=== Exercise ===
The entries are to be reproduced verbatim, and their pictures left out.

=== Exercise data ===
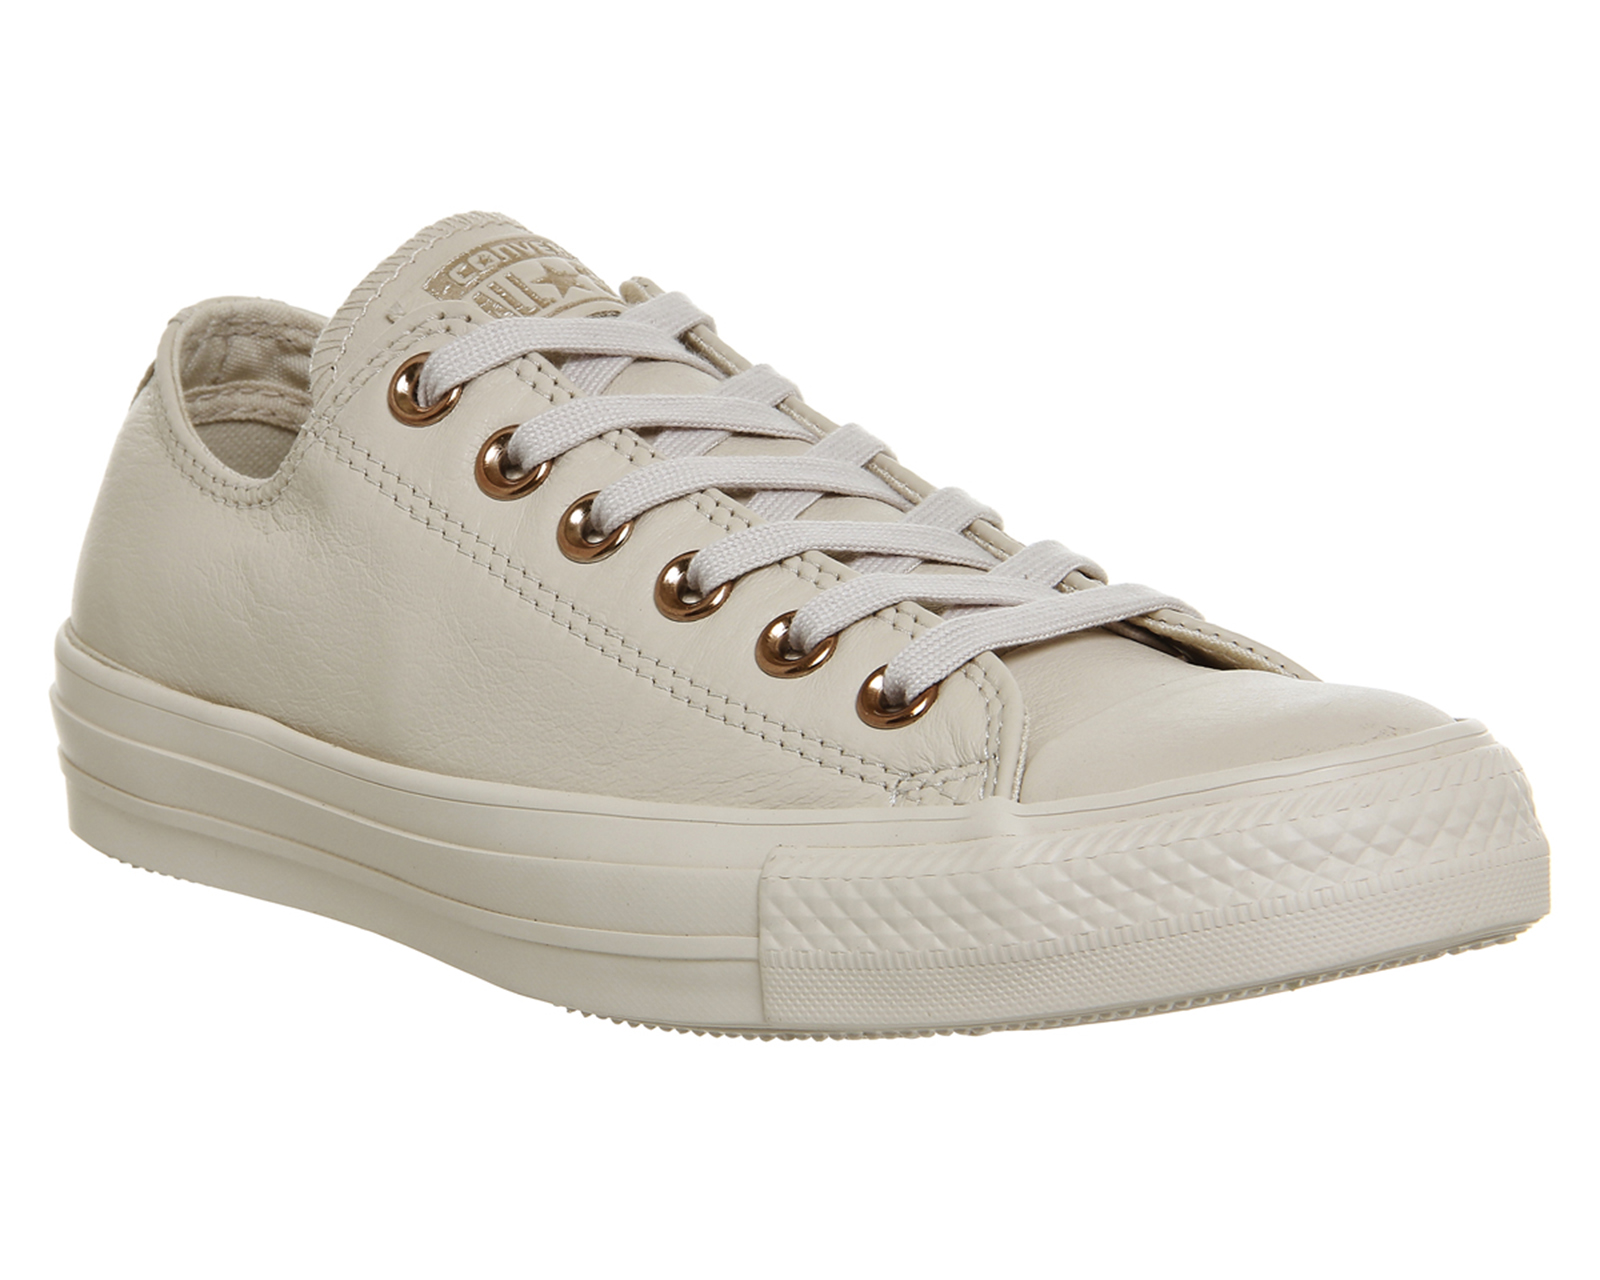 converse allstar low leather ivory cream light gold exclusive
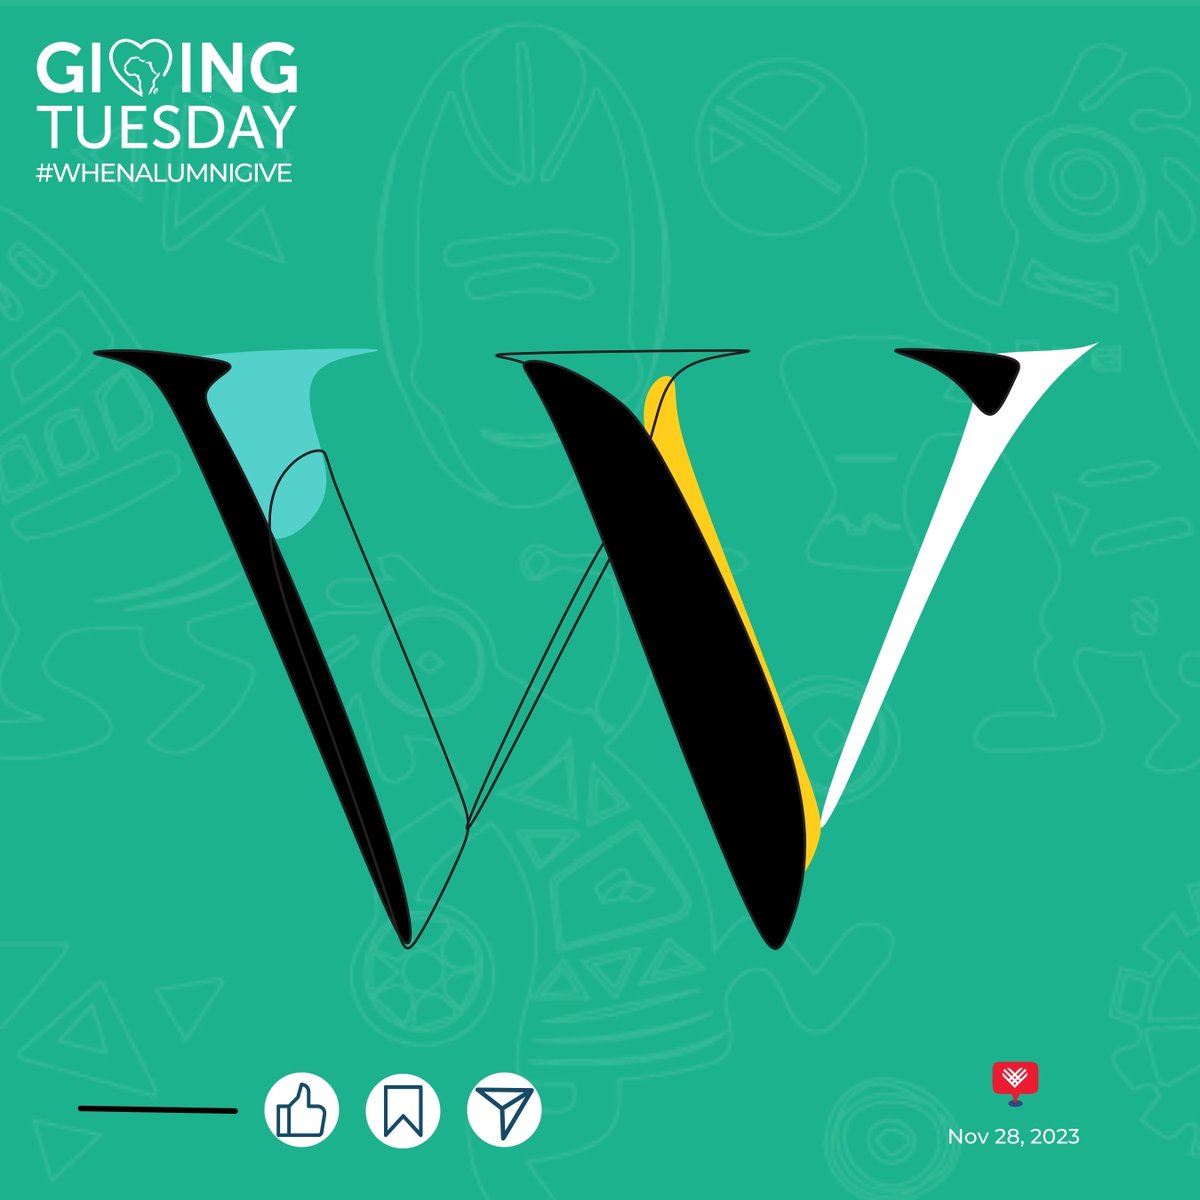 'Wonders unfold in our schools, forming the foundation of our society. But what happens #WhenAlumniGive?'.
.
.
.
#GivingTuesday #GivingTuesdayAfrica #UbuntuGiving
#AfricanPhilanthropy #CommunityEmpowerment

=== Response for this exercise ===
 converse allstar low leather ivory cream light gold exclusive
 'Wonders unfold in our schools, forming the foundation of our society. But what happens #WhenAlumniGive?'.
.
.
.
#GivingTuesday #GivingTuesdayAfrica #UbuntuGiving
#AfricanPhilanthropy #CommunityEmpowerment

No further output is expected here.